The Zancona is a river or creek in southern Tuscany, Italy. It rises within the Monte Labbro Nature Reserve, on the western slopes of Mount Amiata, and flows northwards for about 10 kilometres before joining the Ente, a tributary of the Orcia River.

The watercourse descends from elevations of around 650 metres above sea level, draining the northern slopes of Monte Labbro and the adjacent Amiata reliefs, and crosses the territories of Arcidosso, Castel del Piano, Cinigiano, and Seggiano. It passes through the villages of Le Macchie and Zancona, runs between Poggio di Roveta and Arcidosso, skirts Montelaterone to the west, and continues north with Monticello Amiata on its left bank. Near Montegiovi, it joins the Vivo, and together they flow into the Ente at an elevation of approximately 300 metres.
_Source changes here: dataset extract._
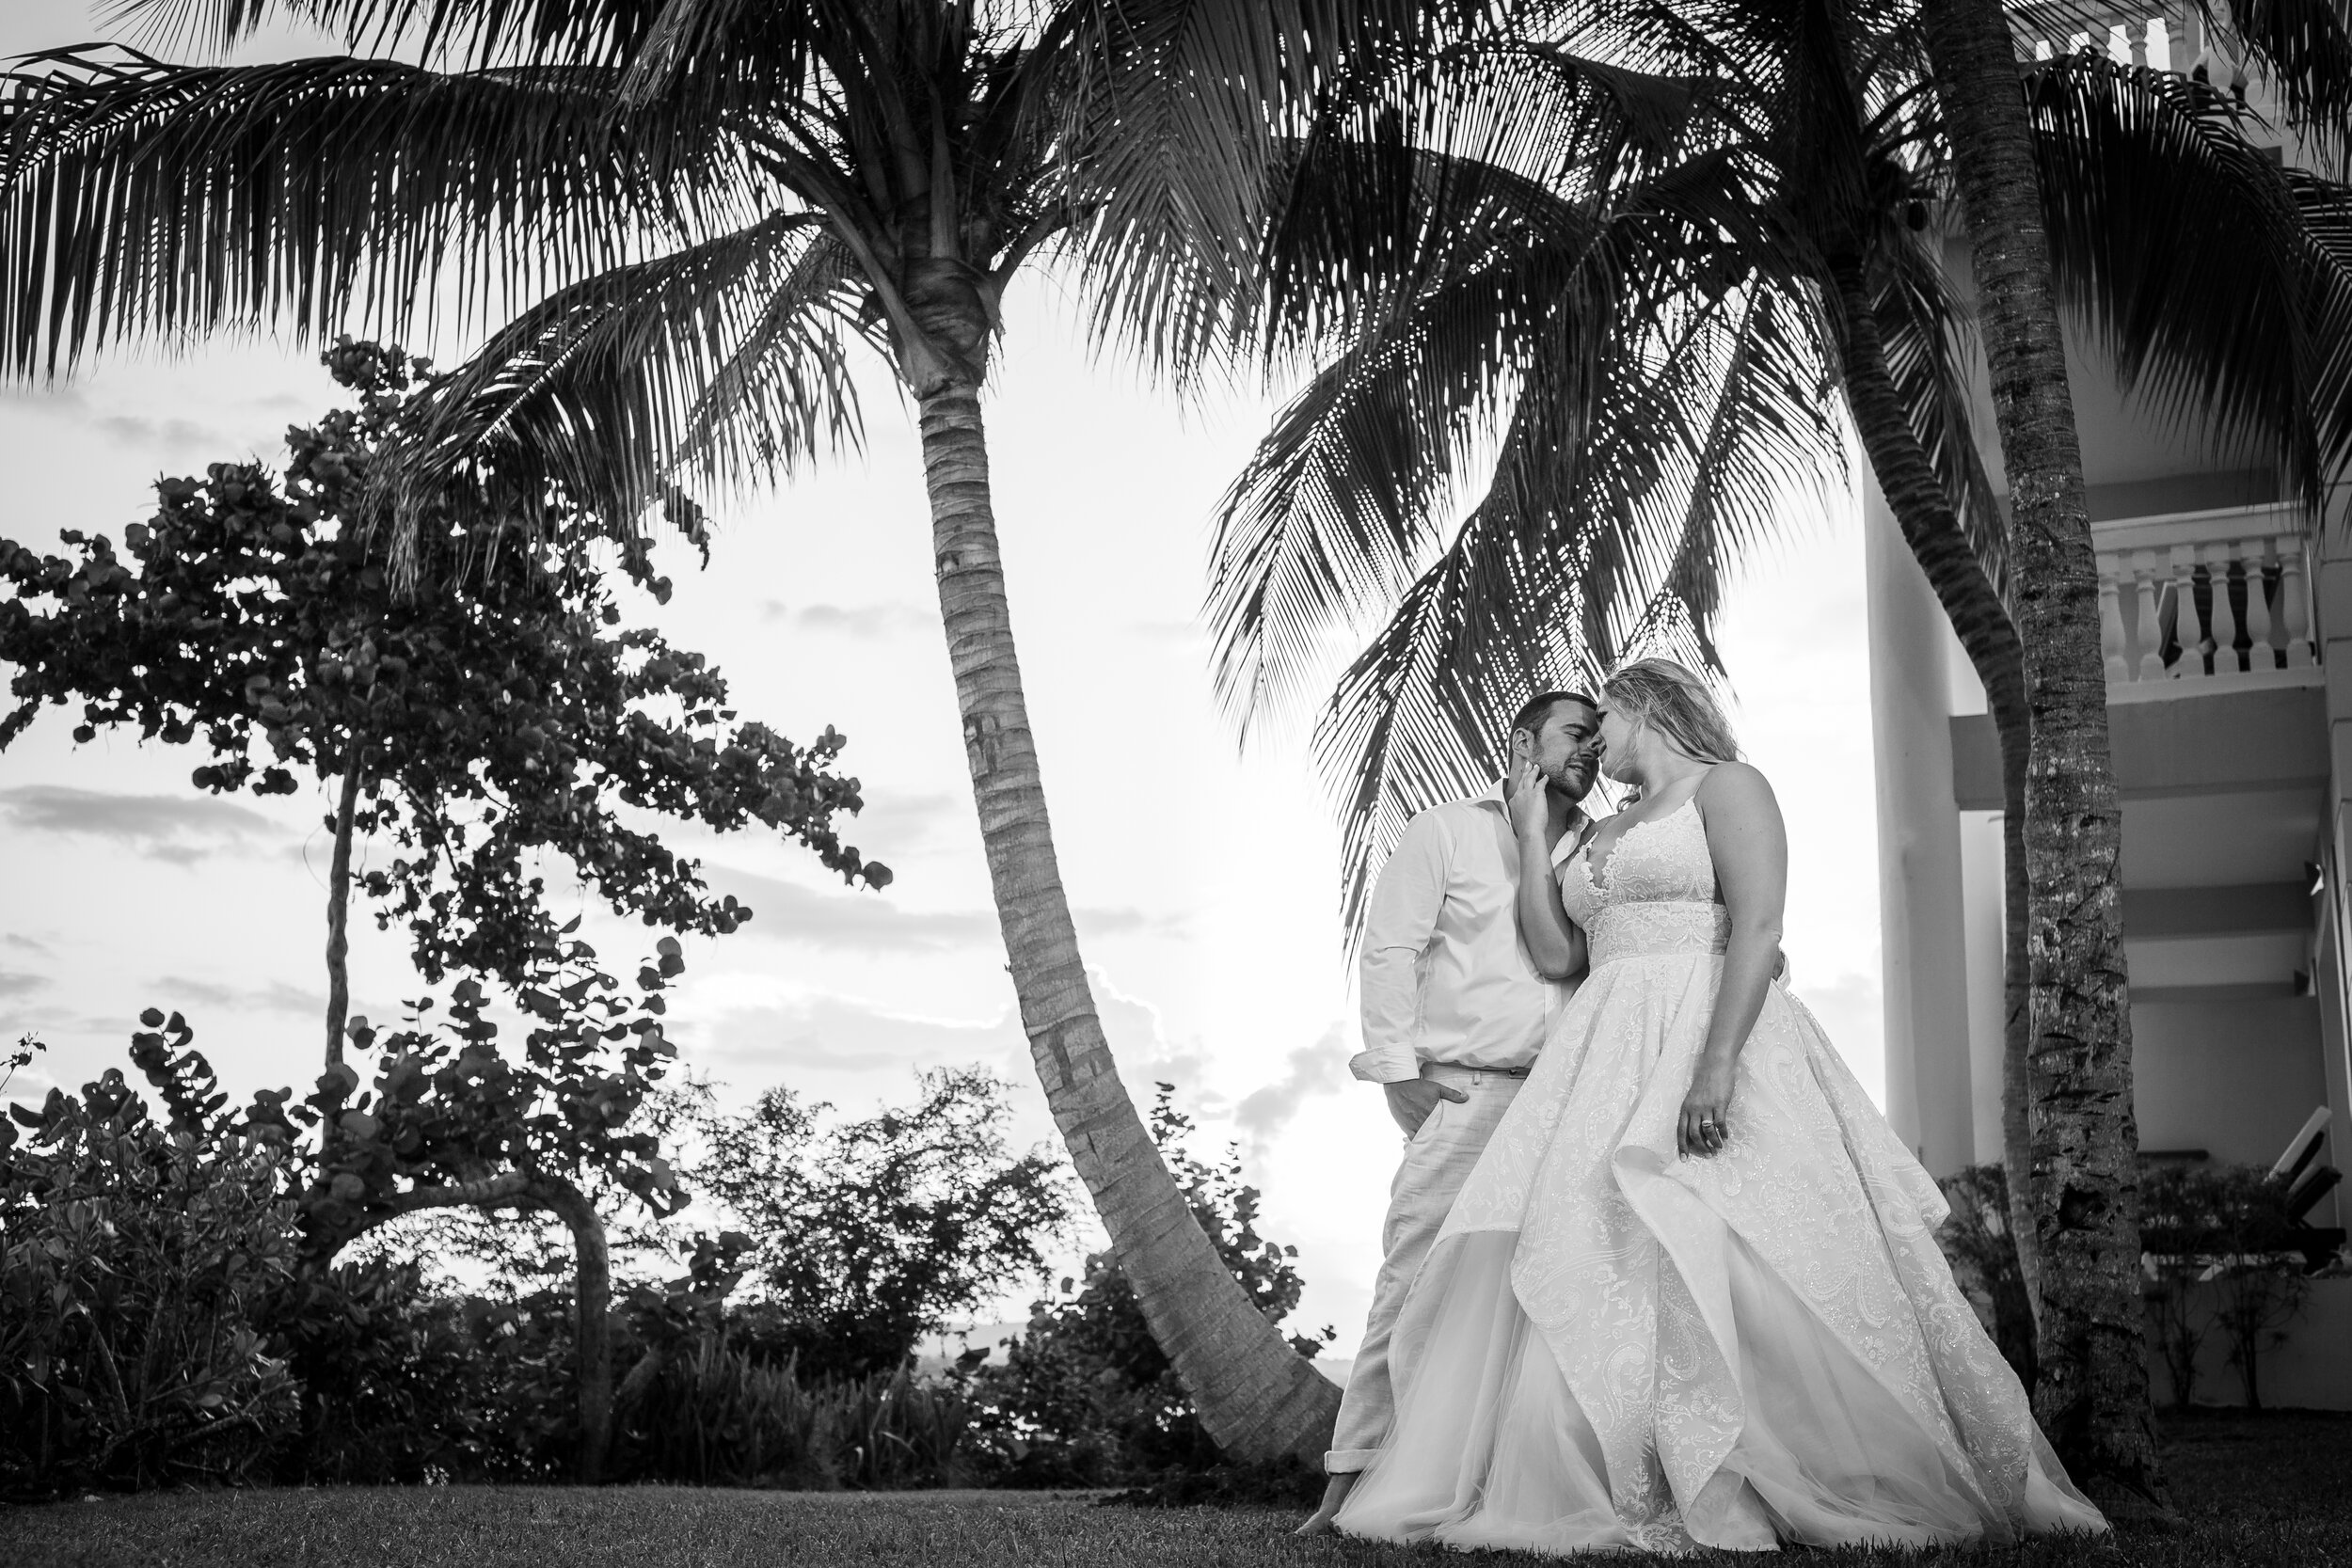 Tropical wedding photo ideas

The Zancona drains a catchment area of about 25 square kilometres. Its stream bed is predominantly pebbly, with sections of sand and large boulders, and the water is generally clear. Riparian vegetation is typical of coppice woodland, with exposed roots and fallen trunks occasionally interrupting the current. The stream is locally known for freshwater fishing, particularly for trout and barbel.

Archaeological remains discovered along its course include finds from the 4th century BC and a 3rd–2nd century BC necropolis, consisting of cremation burials with sandstone urns and cinerary vessels bearing Etruscan inscriptions, attesting to early Etruscan settlement in the valley.